Positivisme
Het positivistische denken ziet de successen van de nieuwe wetenschappelijke methode en stelt dat enkel die methode tot goede kennis kan leiden. Mensen als Auguste Comte raken zo in de ban van de nieuwe denkwijze dat hij bereid is alle oude vormen van kennisverwerving, zoals filosofie en religie, te verwerpen en ze als waardeloos te beschouwen. Vanaf nu, vindt hij, moet alle kennis positief of wetenschappelijk van aard worden, en hij was ervan overtuigd dat dat kon.

Auguste Comte (1798 - 1857) was een Franse wiskundige en filosoof. Hij wordt beschouwd als de grondlegger van het positivisme. Het positivisme ontstond na de Franse Revolutie in Frankrijk uit de confrontatie tussen de gevestigde filosofische methode om kennis op te doen en de nieuwe wetenschappelijke methode.

In zijn Cours de philosophie positive (1830 - 1842) deelt Comte de geschiedenis van menselijke kennisverwerving op in drie fases:

  1. Theologisch
  2. Metafysisch
  3. Positief

In het theologische stadium tracht de mens zijn omgeving en zichzelf te verklaren door een beroep te doen op bovennatuurlijke krachten. De aarde en de mens zijn volgens het theologische denken onderhevig aan goddelijke krachten. In verschillende culturen zijn scheppingsmythen ontstaan. Dat zijn verhalen over het ontstaan van de aarde en de mens. Die verhalen werden door de gemeenschappen waarin ze zijn ontstaan geloofd en als goede kennis beschouwd. De ordening van de goden bracht een verklaring voor de maatschappelijke ordening waarin men leefde en bracht troost. Men leefde in een wereld die beheerst werd door krachten waar men als mens geen invloed op kon uitoefenen en waar men zich dus maar naar diende te schikken.

Het metafysische stadium vangt aan bij de Grieken. De eerste natuurfilosofen proberen dat wat bestaat terug te voeren tot iets wat aan de basis lag van alles. Het Griekse woord voor dit basis of grondbeginsel is “arche”. Arche wordt gezien als de oerstof waar alles wat bestaat uit voortgekomen is. Anaximedes stelde lucht voor als oerstof, Anaximedes had het over een onzichtbare stof die hij apeiron noemde, Thales stelde dat water aan de basis van alles stond. Het arche, of grondbeginsel zou door middel van veranderingen omgezet kunnen worden in al het overige. Water bijvoorbeeld kan bevriezen en ijs worden, of het kan verdampen tot het gasvormig wordt.

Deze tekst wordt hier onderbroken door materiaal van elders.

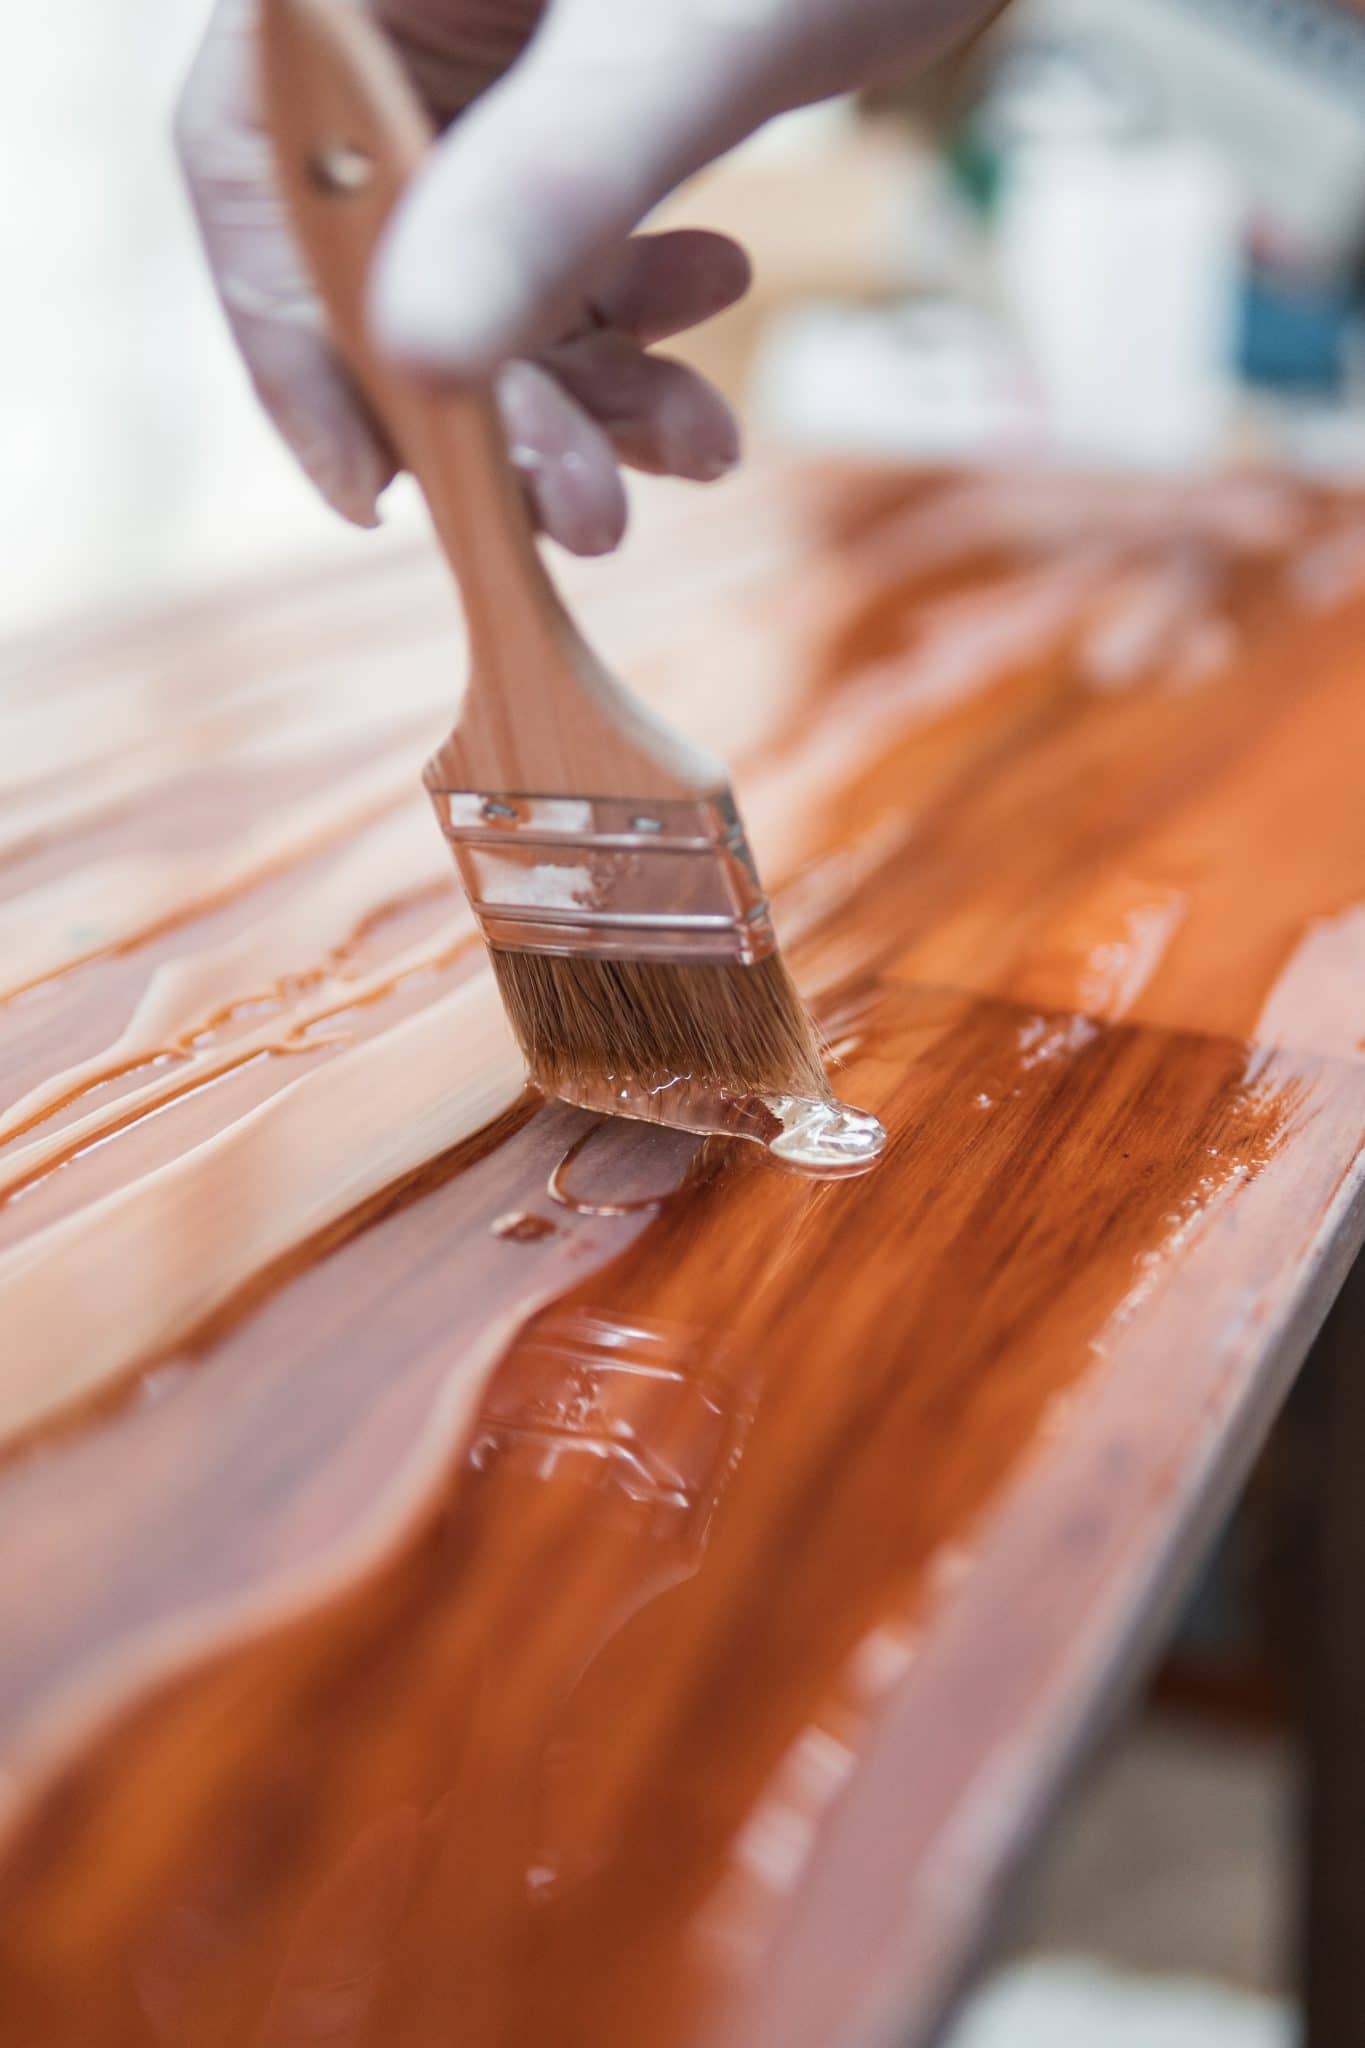 Quelle peinture choisir pour repeindre un meuble en bois? - Colorantic

Men diende dus op zoek te gaan naar het grondbeginsel en naar de processen waarin het arche zich kon vervormen om de wereld te kunnen verklaren.

In het positieve stadium wordt wetenschap de nieuwe methode om de werkelijkheid te verklaren. De wetenschappelijke methode zoals die bij Galileo Galilei is ontstaan, berust op een combinatie van wiskundig denken en experiment. Door wiskundige theorieën aan de werkelijkheid te toetsen, kon men volgens deze nieuwe methode tot juiste kennis over de werkelijkheid komen. Comte was enthousiast over de wetenschappelijke methode en stelde dat het op ieder domein van kennis toegepast moest kunnen worden.

Hij rangschikte de toen erkende wetenschappen als volgt:

Wiskunde, astronomie, fysica, scheikunde, biologie, en hij introduceerde een nieuwe wetenschap, de wetenschap die de mens en de maatschappij waarin de mens leeft zou kunnen onderzoeken en verklaren op dezelfde positieve, wetenschappelijke manier als de overige wetenschappen dat konden. Hij noemde die nieuwe menswetenschap: sociologie.

Iedere wetenschap bouwt voort op de vorige. De astronomie bouwt voort op de wiskunde, fysica op astronomie, scheikunde op fysica, biologie op scheikunde en sociologie op biologie.